That is simply not true. Not all opinions are created equal. 

There are entire academic departments dedicated to art theory and criticism. There are critics whose opinions matter more than yours or mine, in the sense that they help decide what deserves attention, and what does not. A curator's opinion decides what gets into the Whitney and what does not. These decisions impact the culture of the arts. Their opinions help to shape the history of art and influence public perceptions. Their opinions are informed, based on a close study of the art object as well as historical and contemporary understandings of art. Someone who just looks at an image and decides in a few seconds based on limited knowledge is making a subjective opinion, which is fine, but weightless.


----------



## table1349 (Apr 26, 2014)

I will throw out just one of many names that turns that whole premise upside down.  *Han van Meegeren

*All the best of their time, the greatest experts in the field of art and all their vaunted opinions were shown to be false.   

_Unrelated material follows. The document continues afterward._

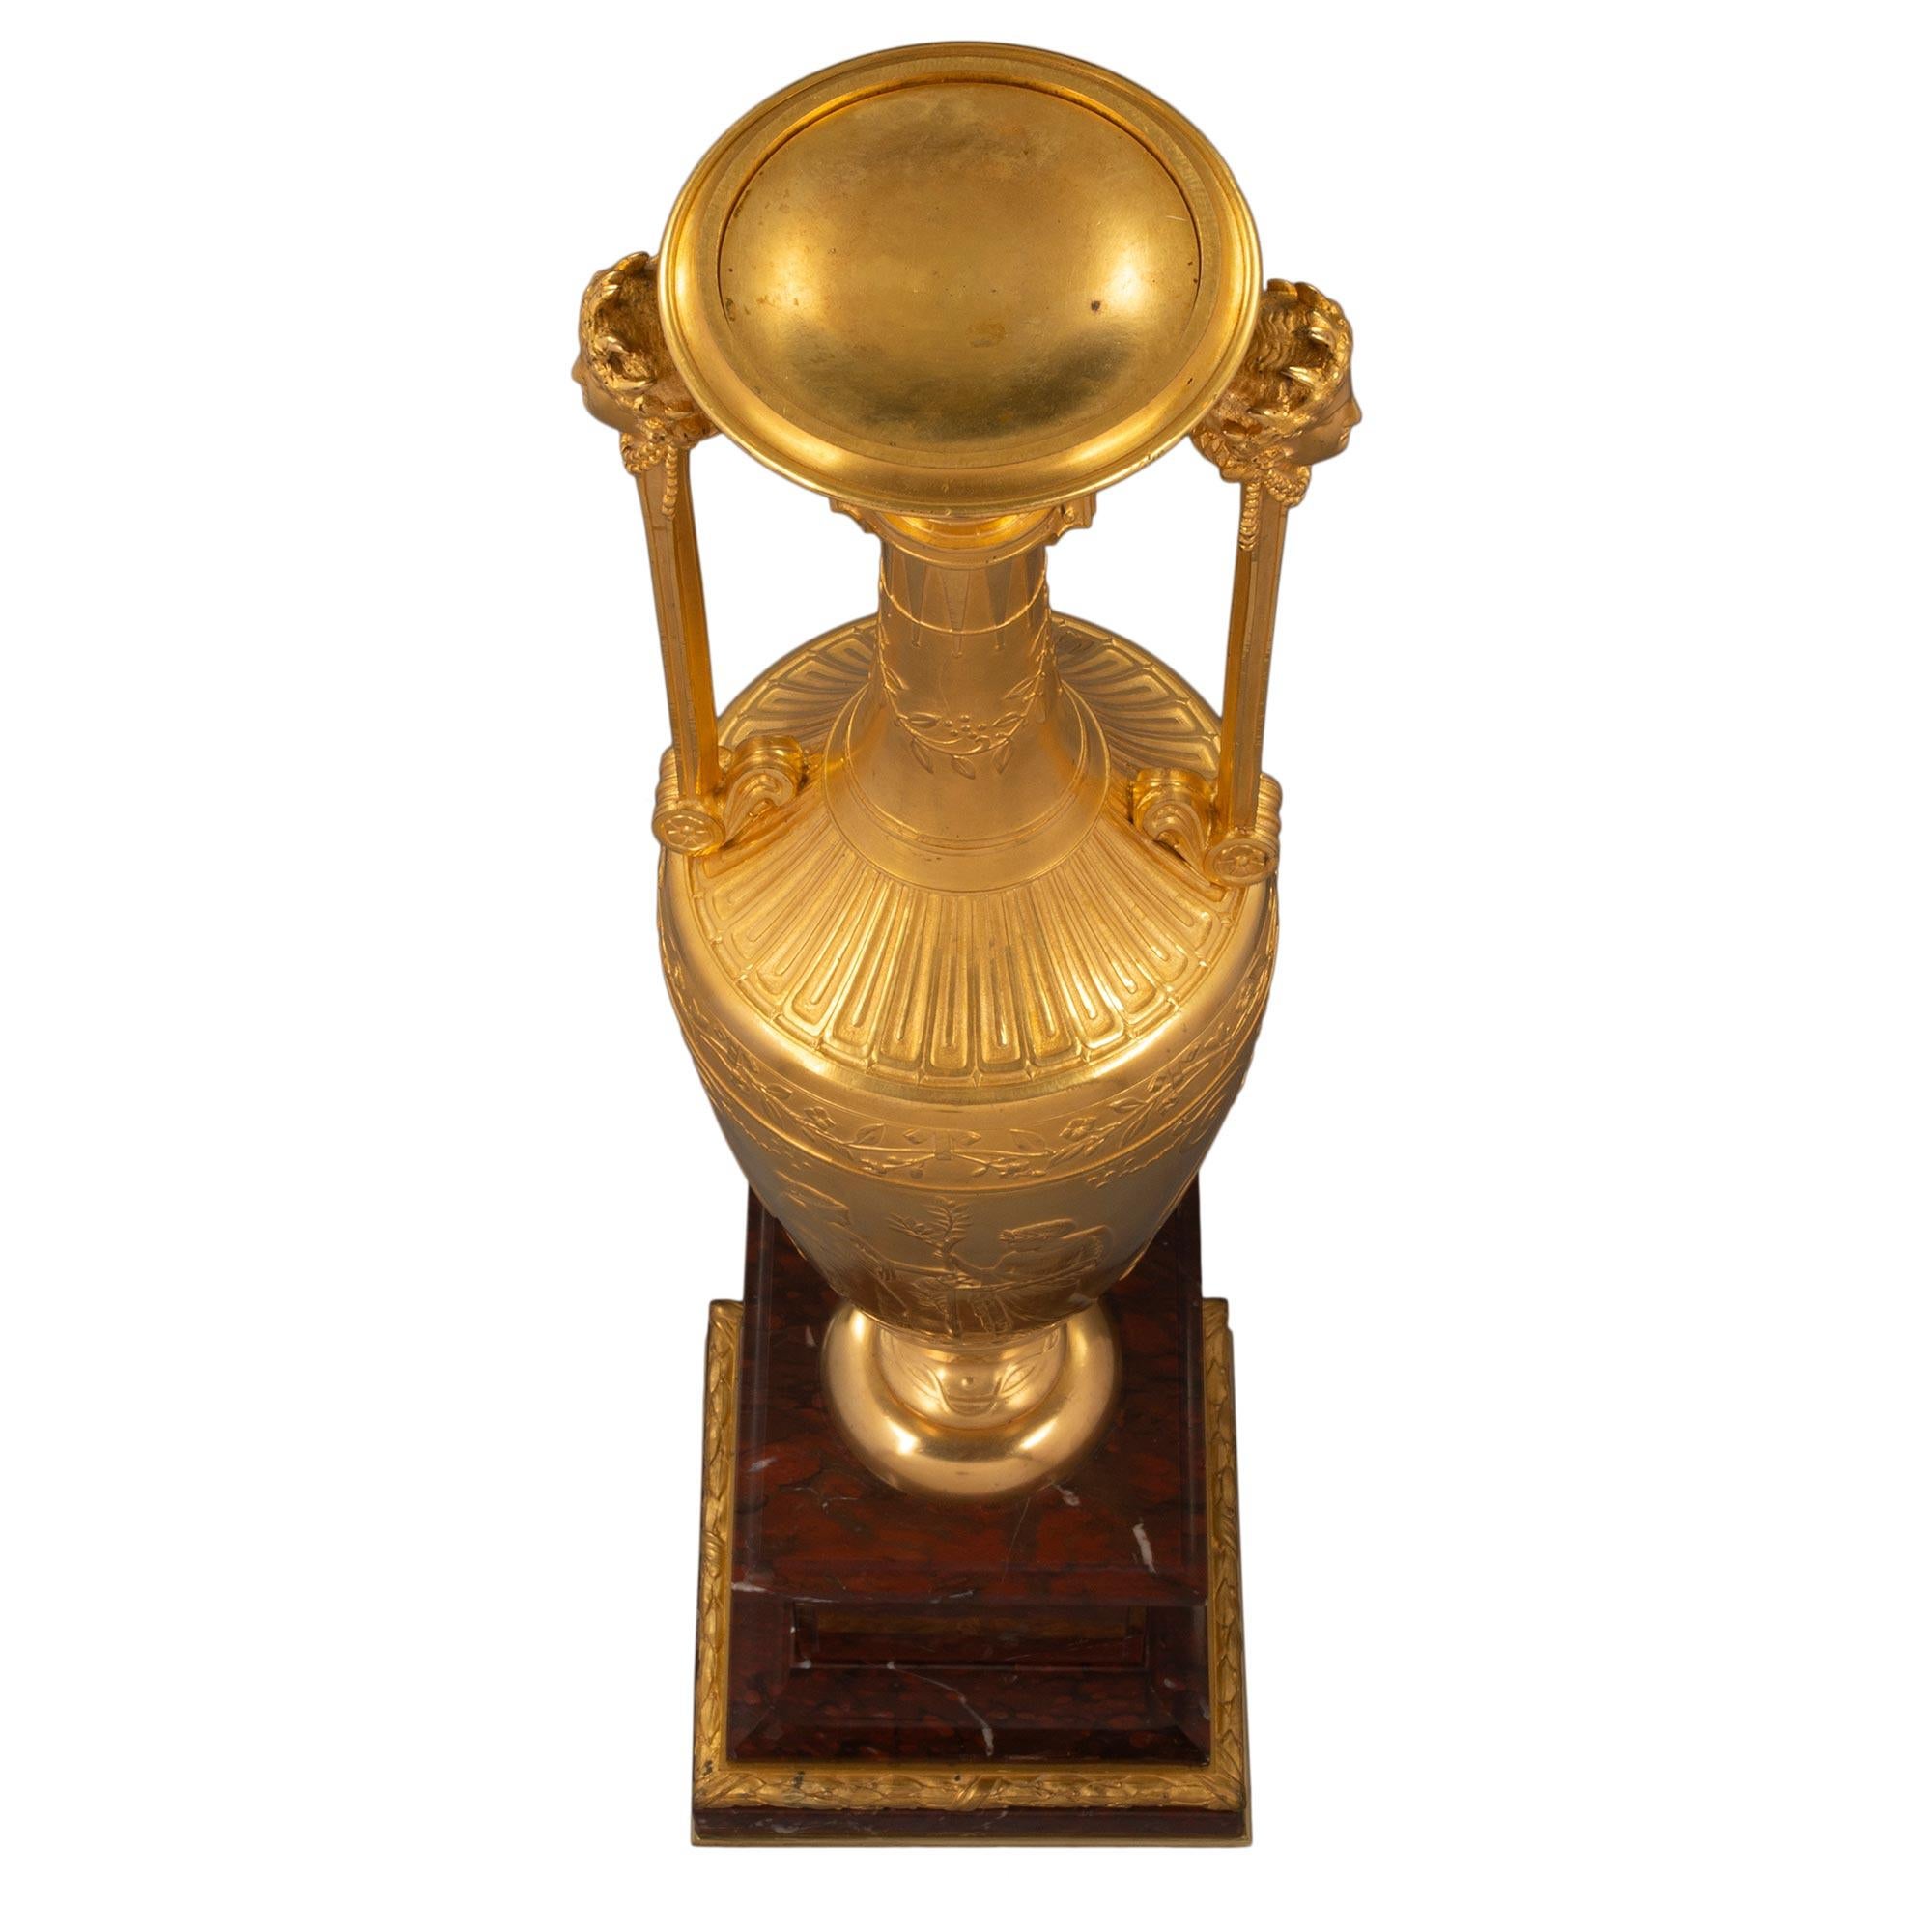 Une paire sensationnelle et de très haute qualité de vases d'apparat gréco-égyptiens du 19ème siècle en marbre et bronze doré, vers 1880. Les vases, signés par Ferdinand Barbedienne, sont surélevés par des bases carrées en marbre Rouge Griotte. Les

Opinions are at best OPINIONS.  Nothing more, nothing less.  The are a product of the very human fault of ego.


----------



## sashbar (Apr 26, 2014)

gryphonslair99 said:


> I will throw out just one of many names that turns that whole premise upside down.  *Han van Meegeren
> 
> *All the best of their time, the greatest experts in the field of art and all their vaunted opinions were shown to be false.
> 
> Opinions are at best OPINIONS.  Nothing more, nothing less.  The are a product of the very human fault of ego.



I am not sure we need to go into this, simply because it was discussed and argued for centuries by great philosophers - people, who were, I dare say, a bit more clever than us in this particular field, and forum format is simply not good enough for this kind of discussion. You can read Kant if you wish to reaffirm your point of view, or Baumgarten who had the opposite opinion. But by the end of the day the power of art is based on, what philosophers say "an antinomy of taste", which in laymans terms means that valid opinions about art are both subjective AND objective and to understand Art, you need to reconcile both. There is no easy answer to such a complex philosophical question.  

But in my own post I did not talk about Art, I was talking about bloody pics we all post here. The idea that somebody needs to spend a lot of "quality time" with my photo to be able to decide if it is good or bad, is of course flattering, but ridiculous.


----------



## bribrius (Apr 26, 2014)

sashbar said:


> gryphonslair99 said:
> 
> 
> > I will throw out just one of many names that turns that whole premise upside down. *Han van Meegeren
> ...


it took me twenty years to appreciate something my parents had hung on a wall. It never changed, the difference is over the years my outlook changed. And every time i looked at it over those years i looked at it from a different set of eyes. As how i saw it changed.


----------



## table1349 (Apr 26, 2014)

sashbar said:


> gryphonslair99 said:
> 
> 
> > I will throw out just one of many names that turns that whole premise upside down.  *Han van Meegeren
> ...


You are correct in one sense.  We didn't need to go into any of this.  It has been discussed and argued repeatedly to no avail.  As for Meegeren it is MOST appropriate for a discussion as this as this.  This discussion is on the same plane and as you so aptly pointed out by people that are not a cleaver as those who were fooled.


----------



## The_Traveler (Apr 26, 2014)

That critics thought van Meegeren's work was by the great masters has nothing to do with Jenko's point. 
Van Megeeren copied what was great, he didn't originate it.
It was the greatness that was originally recognized by the critics.


----------



## jenko (Apr 27, 2014)

gryphonslair99 said:


> I will throw out just one of many names that turns that whole premise upside down.  *Han van Meegeren
> 
> *All the best of their time, the greatest experts in the field of art and all their vaunted opinions were shown to be false.
> 
> Opinions are at best OPINIONS.  Nothing more, nothing less.  The are a product of the very human fault of ego.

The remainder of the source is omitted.